Would you copy out the following entries exactly, without any of the pictures?

++++ SUPPLIED MATERIAL

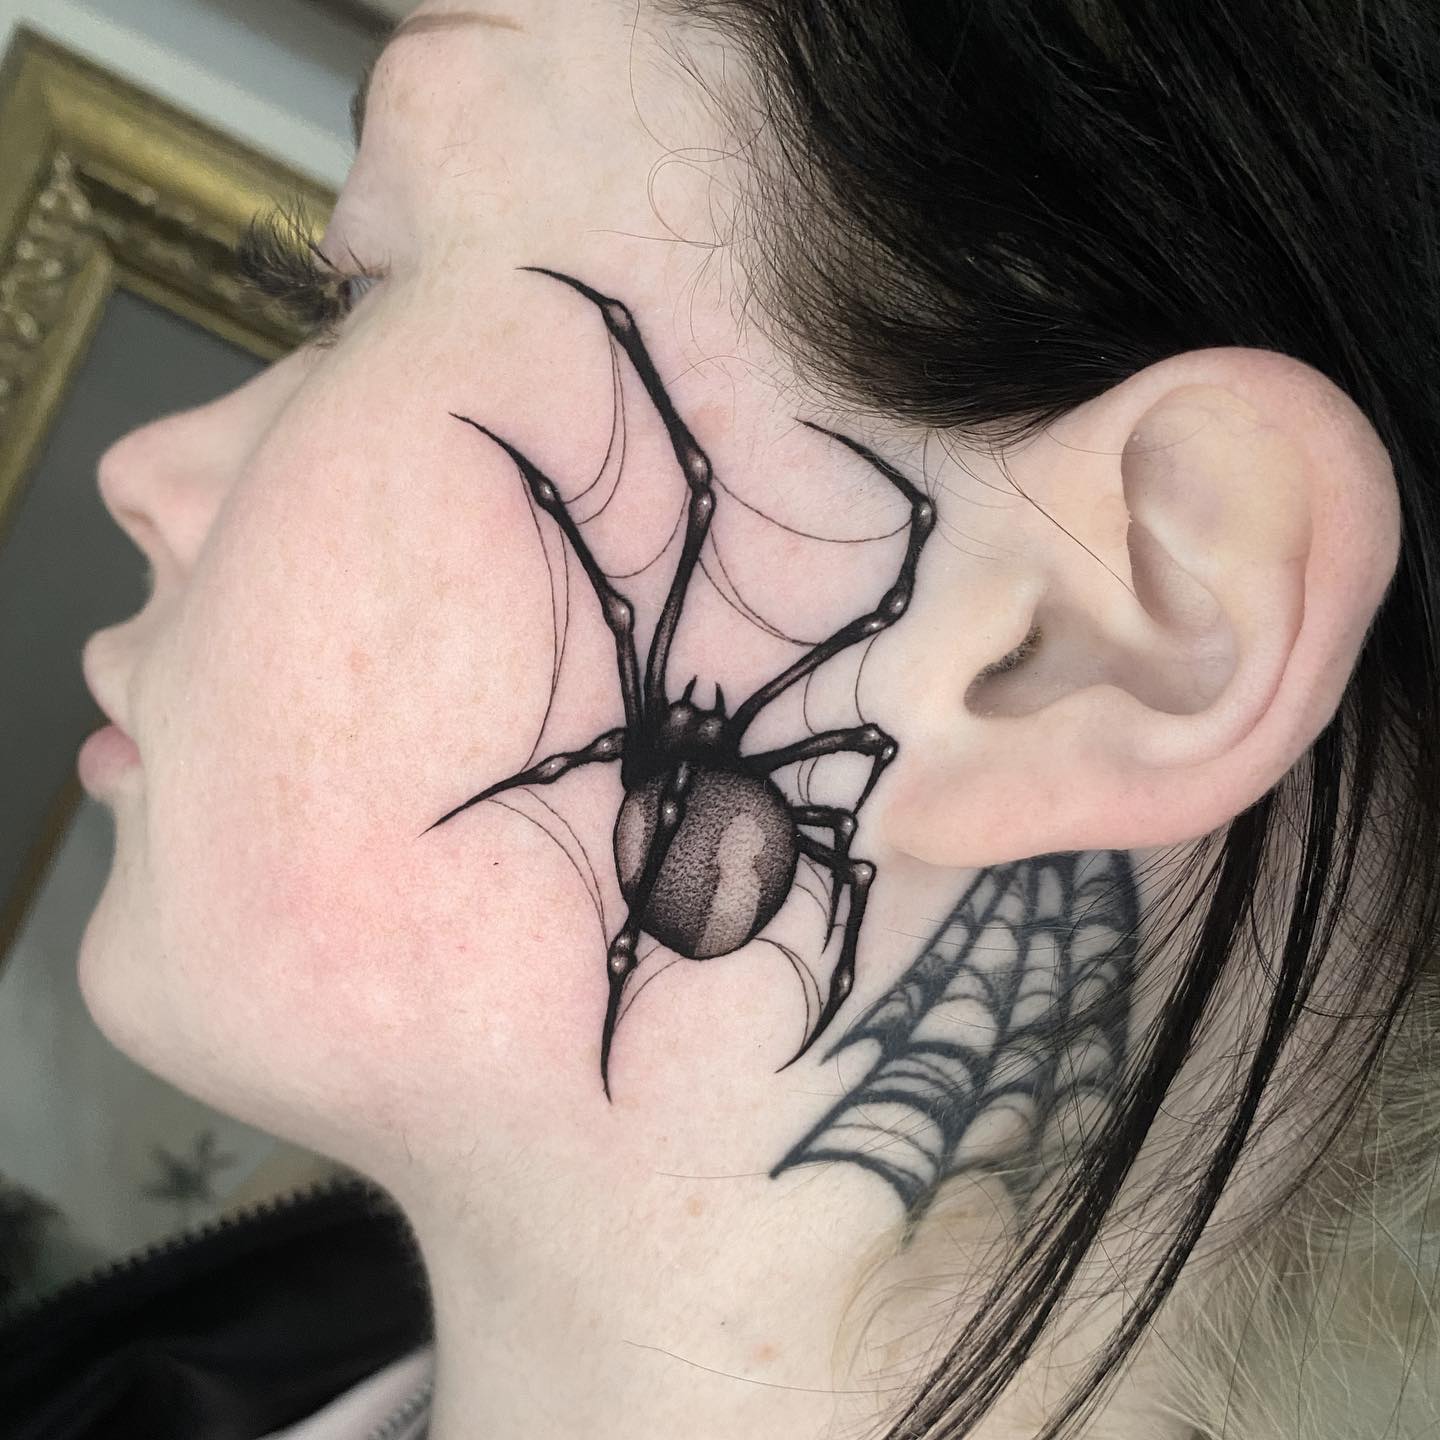 Tatuaje de araña en la cara.
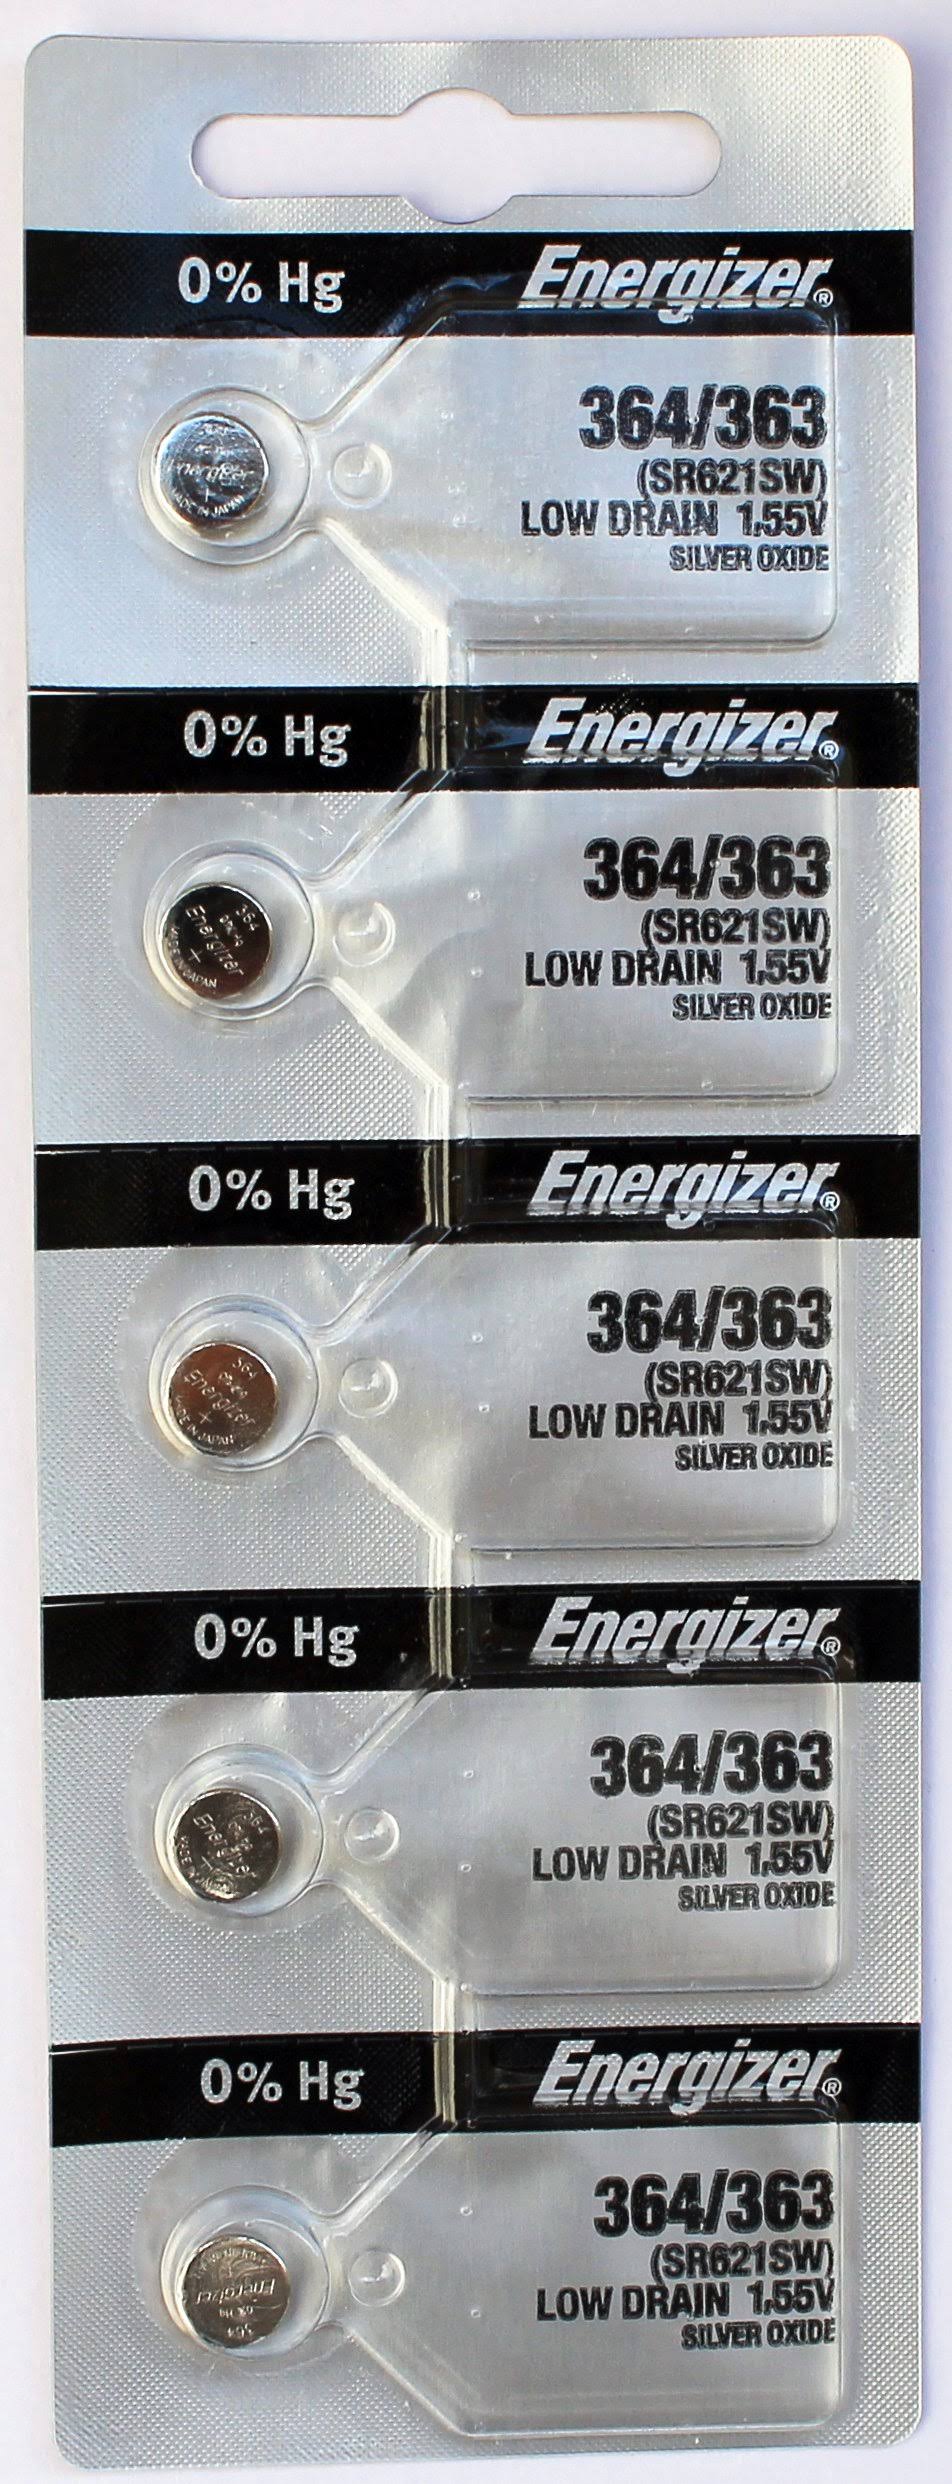 Energizer 364/363 Silver Oxide Coin Cell Batteries 1.55v SR621SW - Default Title
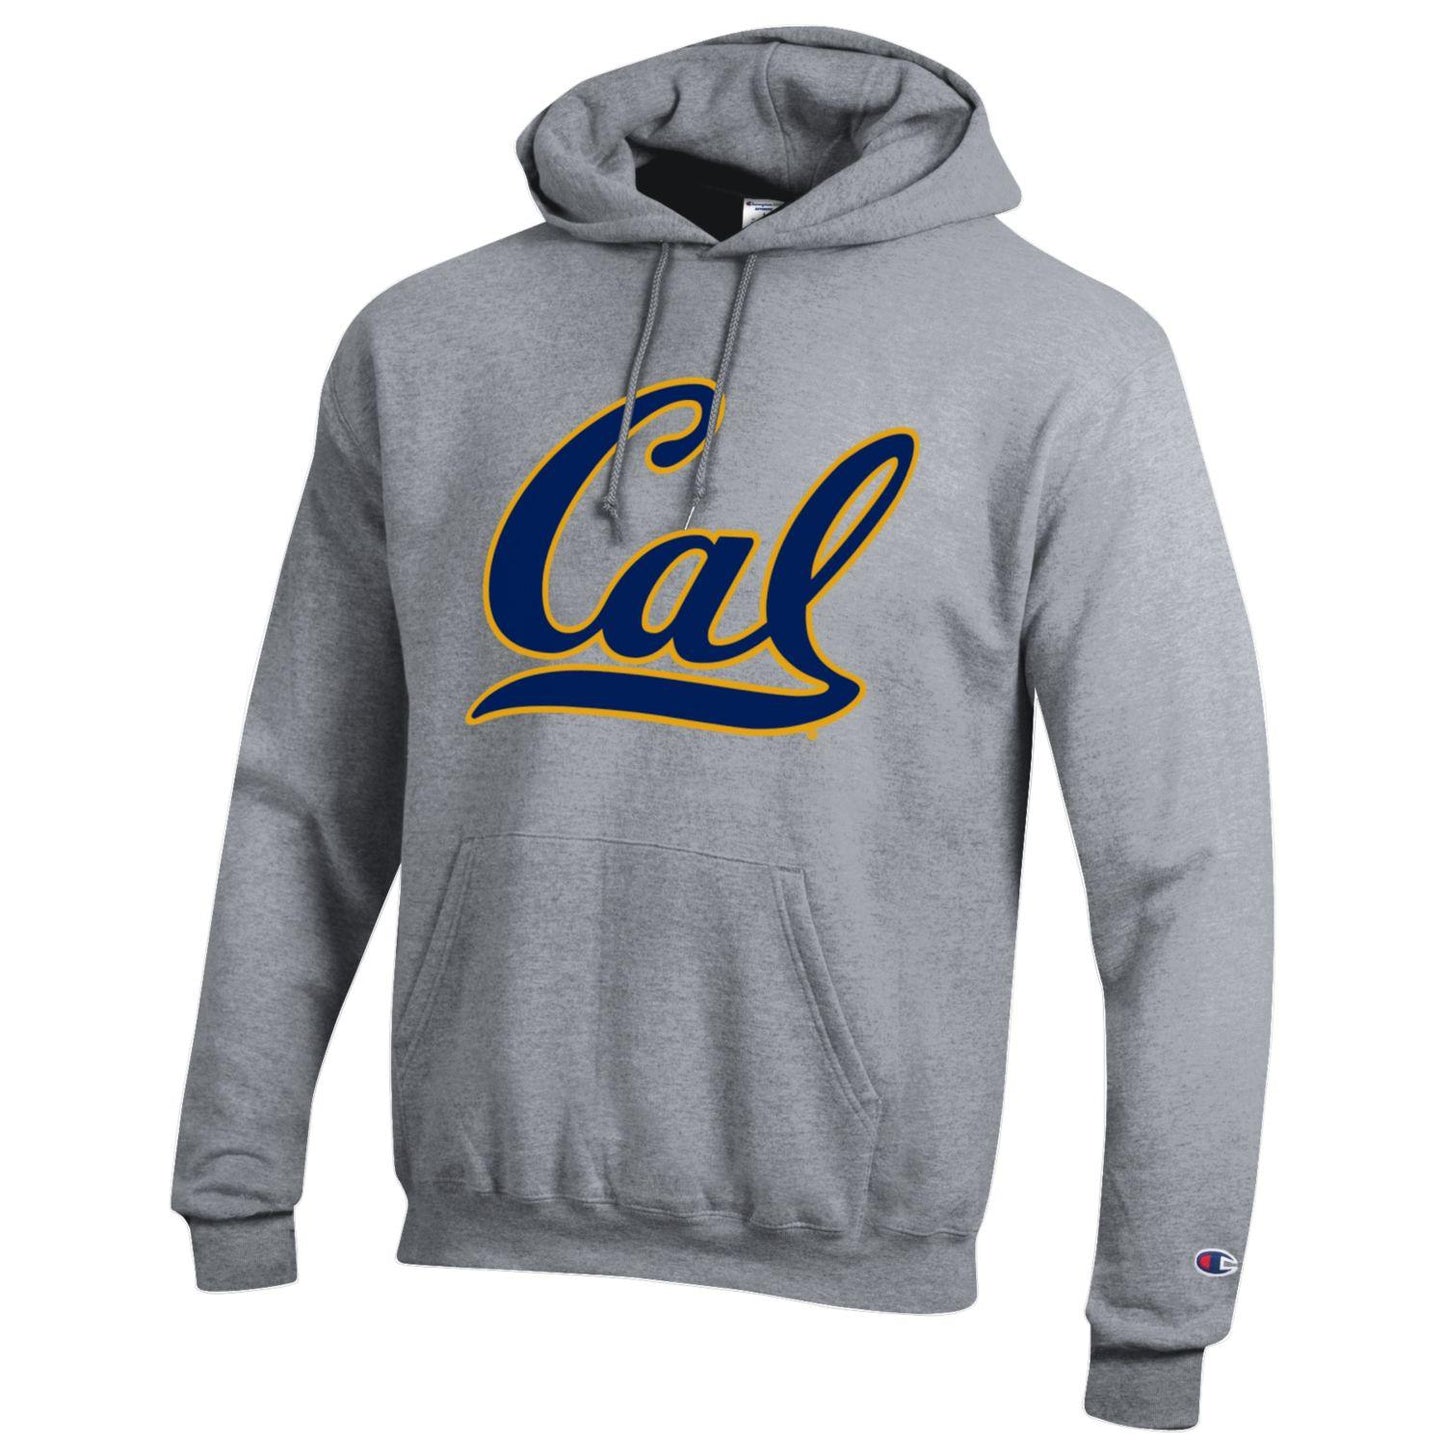 U.C. Berkeley Cal double layer applique Champion hoodie sweatshirt-Grey-Shop College Wear
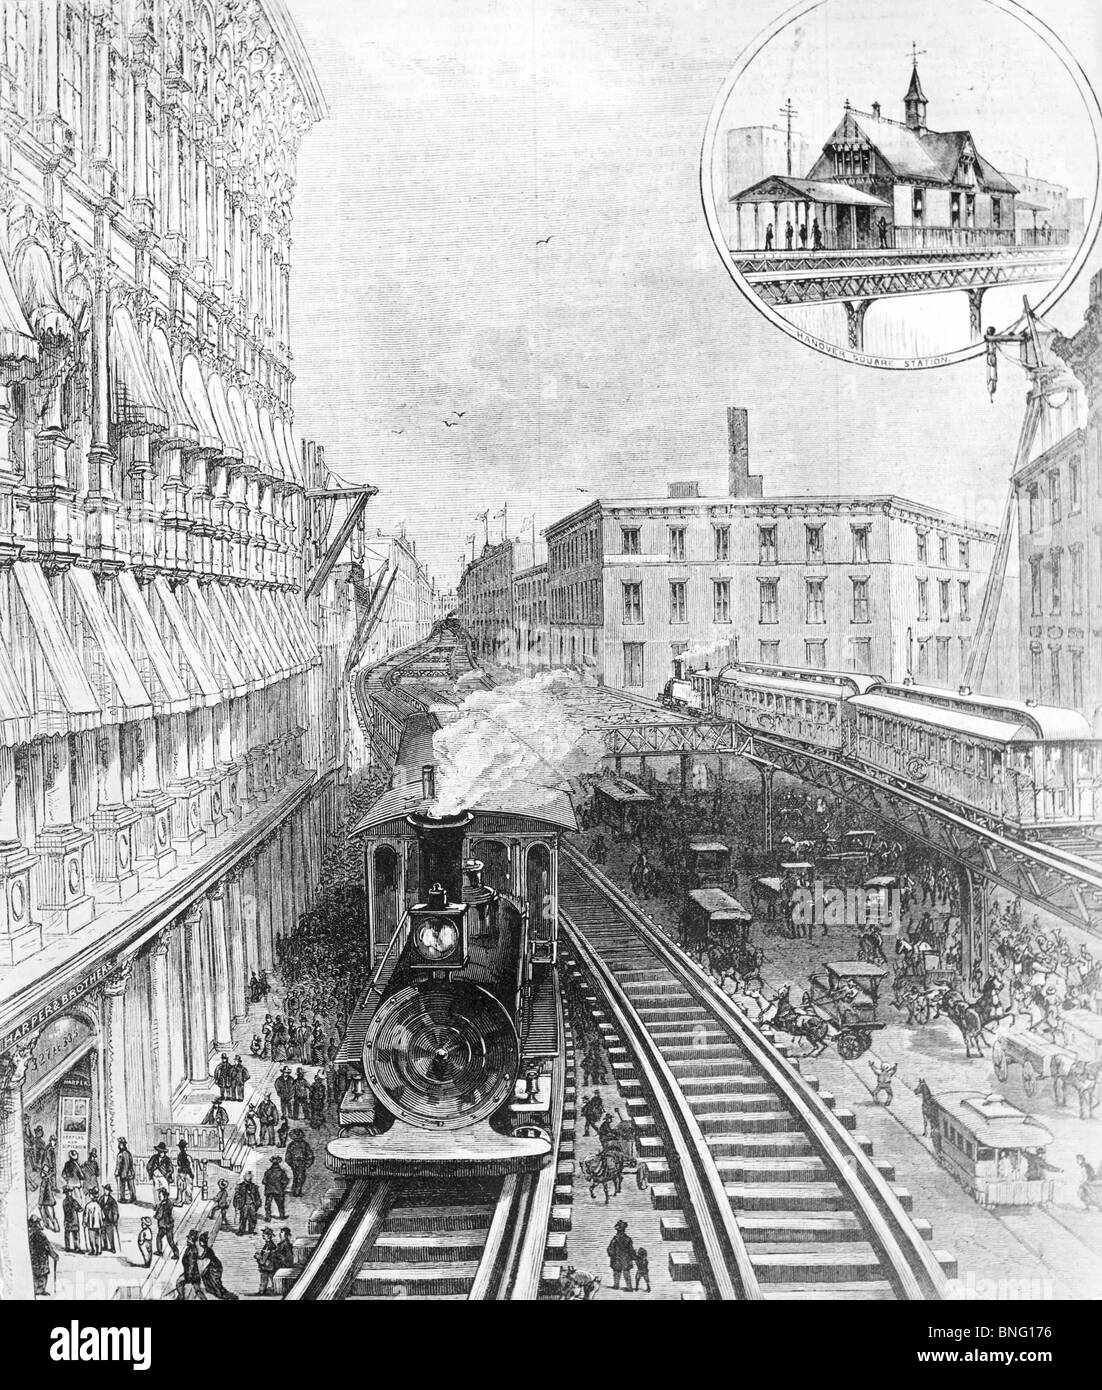 Les premiers trains L Steam-Driven passant sur Franklin Square par artiste inconnu, print, 1878 Banque D'Images
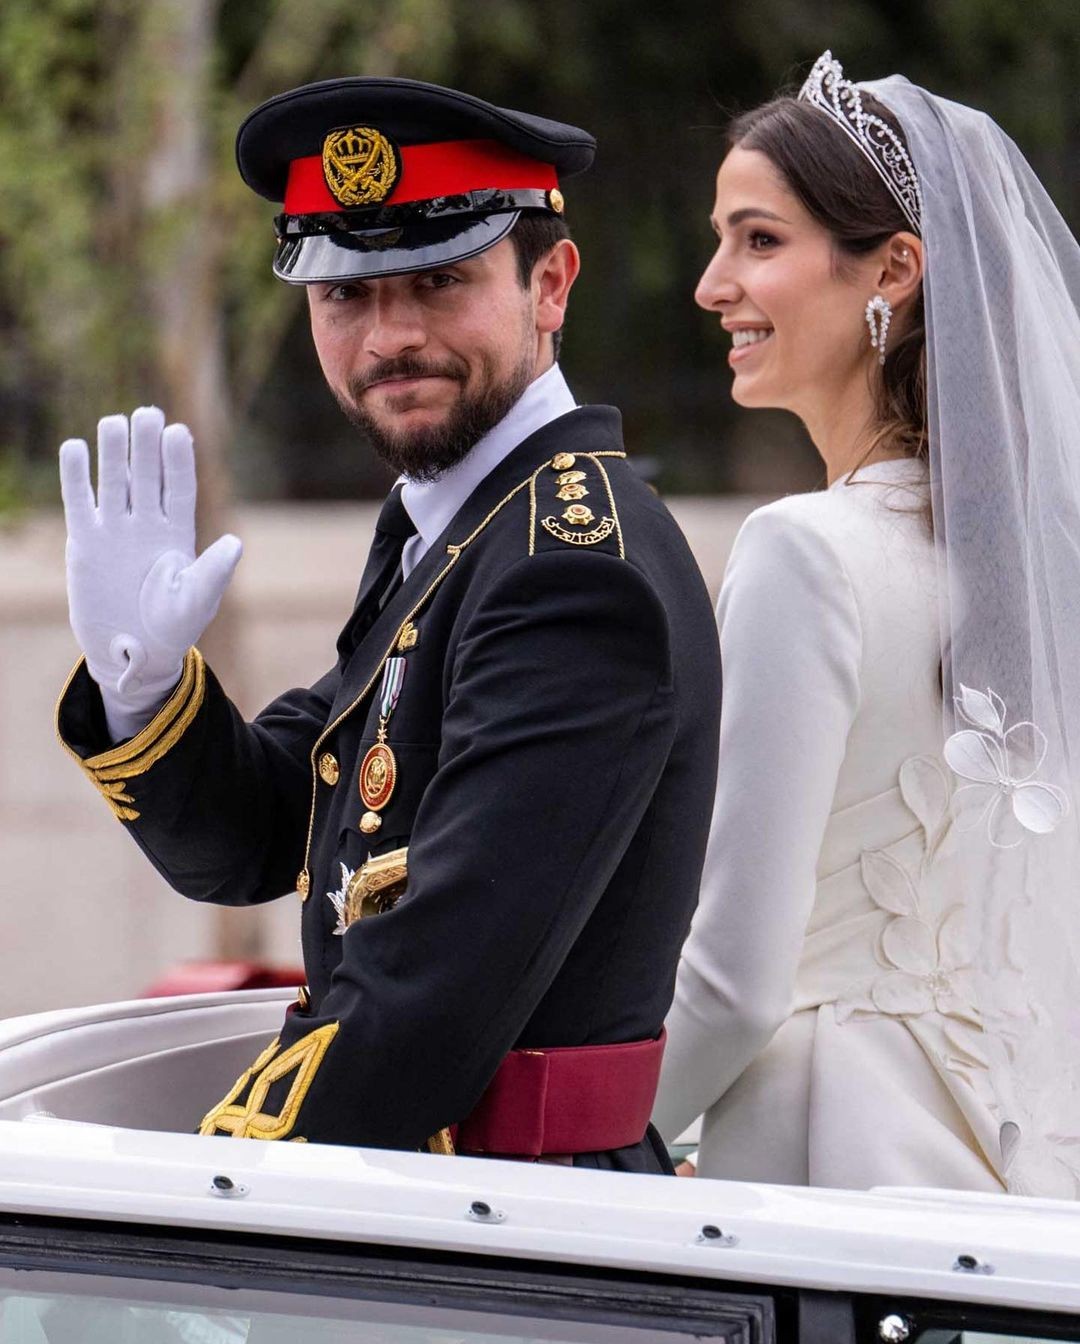 Nhan sắc con gái tỷ phú vừa kết hôn với Thái tử Jordan - Ảnh 2.

++++++++

◆ **TASK ANSWER**
 Tatuaje de araña en la cara.
 Energizer 364/363 Silver Oxide Coin Cell Batteries 1.55v SR621SW - Default Title
 U.C. Berkeley Cal double layer applique Champion hoodie sweatshirt-Grey-Shop College Wear
 Les premiers trains L Steam-Driven passant sur Franklin Square par artiste inconnu, print, 1878 Banque D'Images
 Nhan sắc con gái tỷ phú vừa kết hôn với Thái tử Jordan - Ảnh 2.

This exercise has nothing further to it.